Example: an infinite \(ZV\)-line graphs s.t. the leftmost Pareto-optimal \(Z\)-locations is not defined (Color figure online)

7.2 Approximate mechanism design without money

Last, an important continuation of this work is analyzing the implications for approximate mechanism design without money [53]. That is, assuming the agents are quantitatively represented by a cost function (e.g., the distance to the facility or a monotone function of the distance) and analyzing the implications of manipulation-resistance on the approximability of the minimization problem of natural social cost functions. As we saw in Sect. 5.1, we expect to get a low performance guarantee for most natural social cost functions (of the same order of magnitude as the constant mechanism and the mechanism that outputs a random ballot). Weakening the false-name-proofness does not circumvent this bad efficiency phenomenon (by Proposition 1), and as we saw, this phenomenon is common to many other scenarios in which false-name-proofness is a desired property.

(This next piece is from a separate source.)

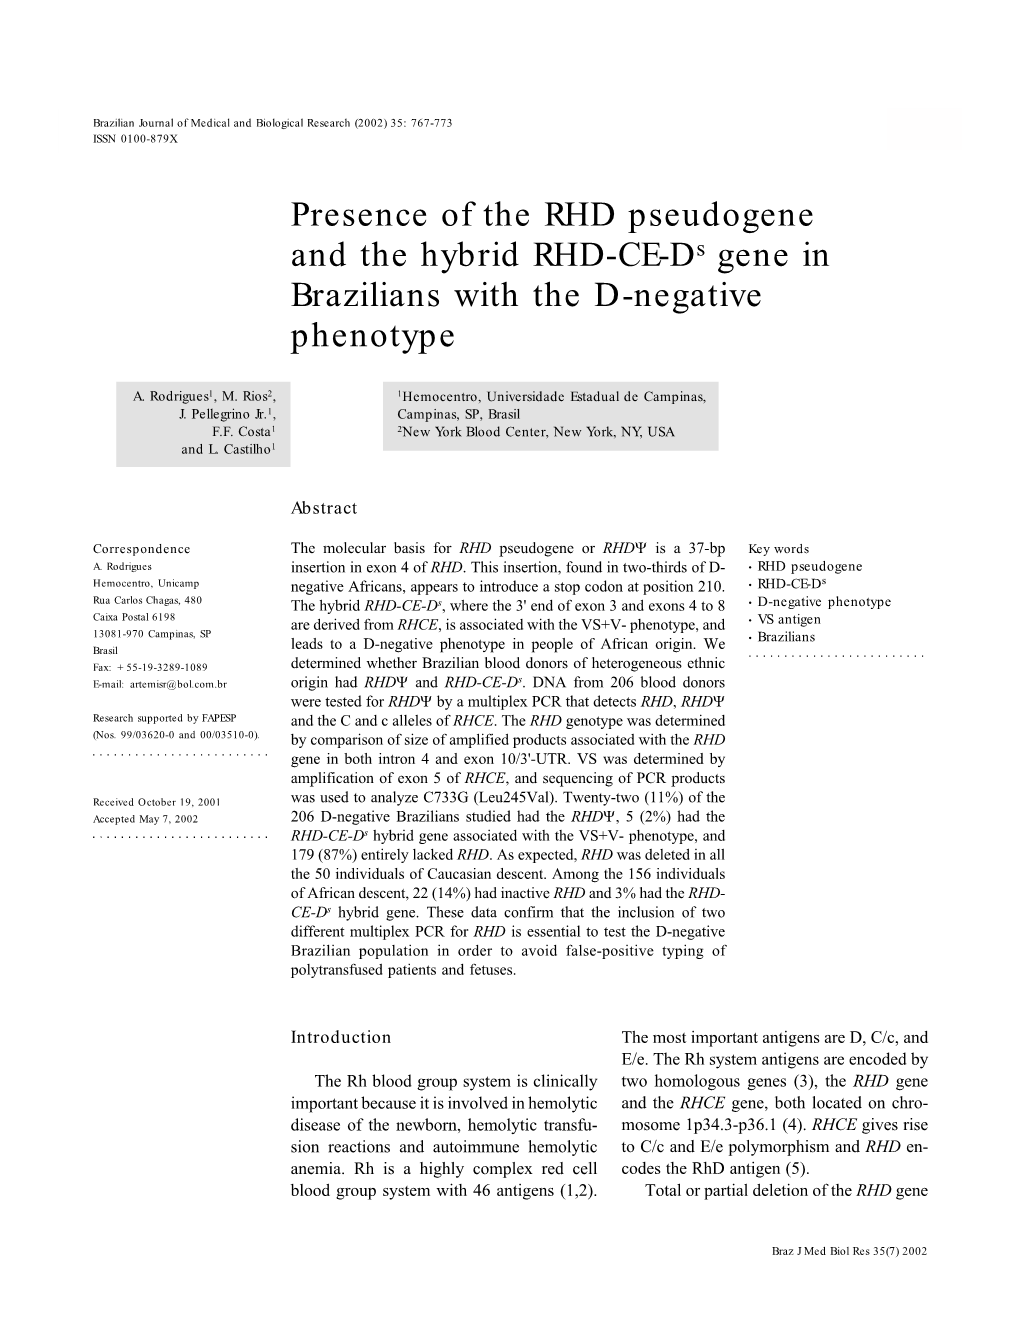 Presence of the RHD Pseudogene and the Hybrid RHD-CE-Ds Gene in Brazilians with the D-Negative Phenotype
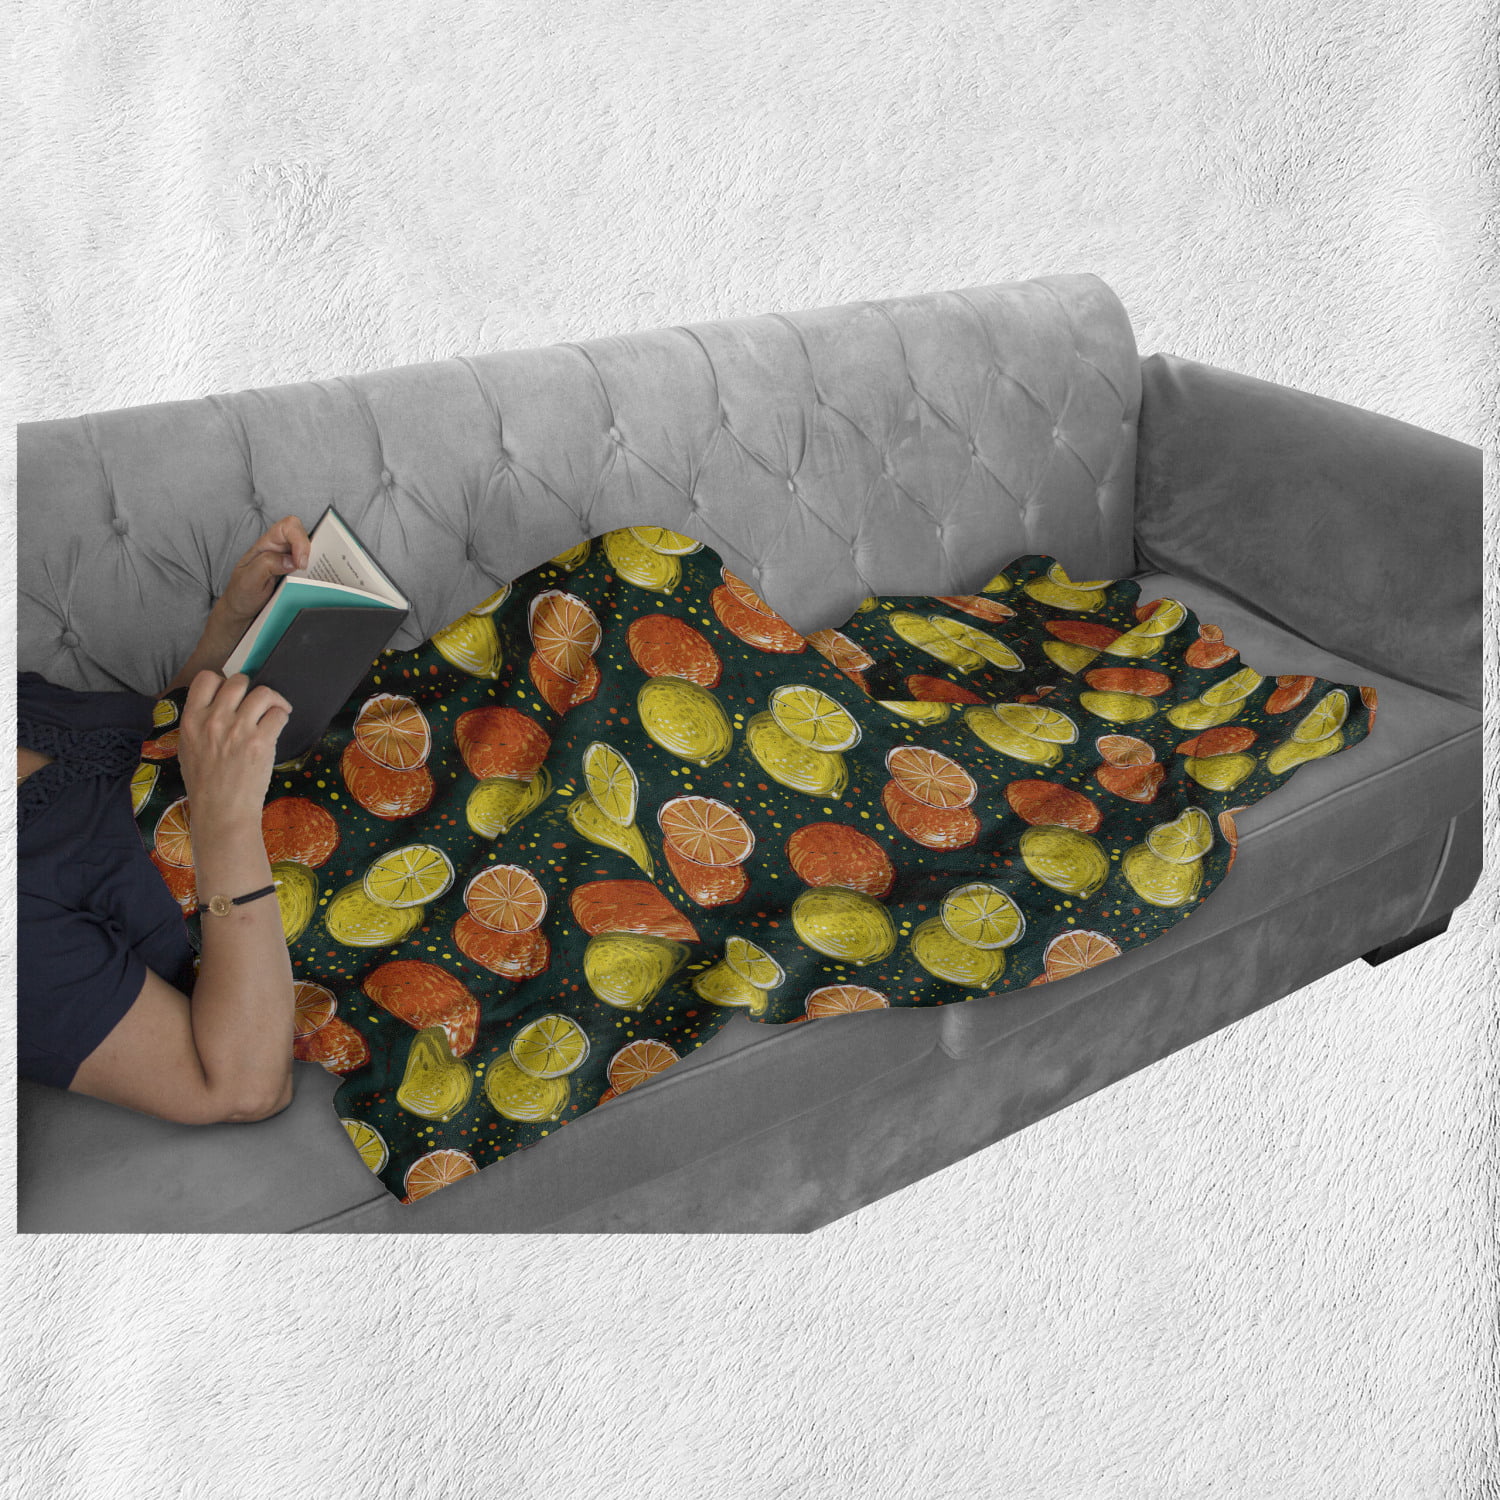 Ambesonne Fruit Soft Flannel Fleece Throw Blanket Cozy Plush for Indoor and Outdoor Use Dark Teal Multicolor Hand Drawn Like Oranges and Lemons Illustration on Polka Dotted Background 50 x 60

Nowadays, many aggregation mechanisms are highly susceptible to double-voting and false-name voting in general (e.g., mechanisms over massive anonymous networks like the internet and also other scenarios in which vote frauds are known to be easy). We think that such results should open a discussion on the costs of these protocols (since the benefits are clear) or direct us to look for solutions outside of the scope of mechanism design like those we surveyed in Sect. 5.1.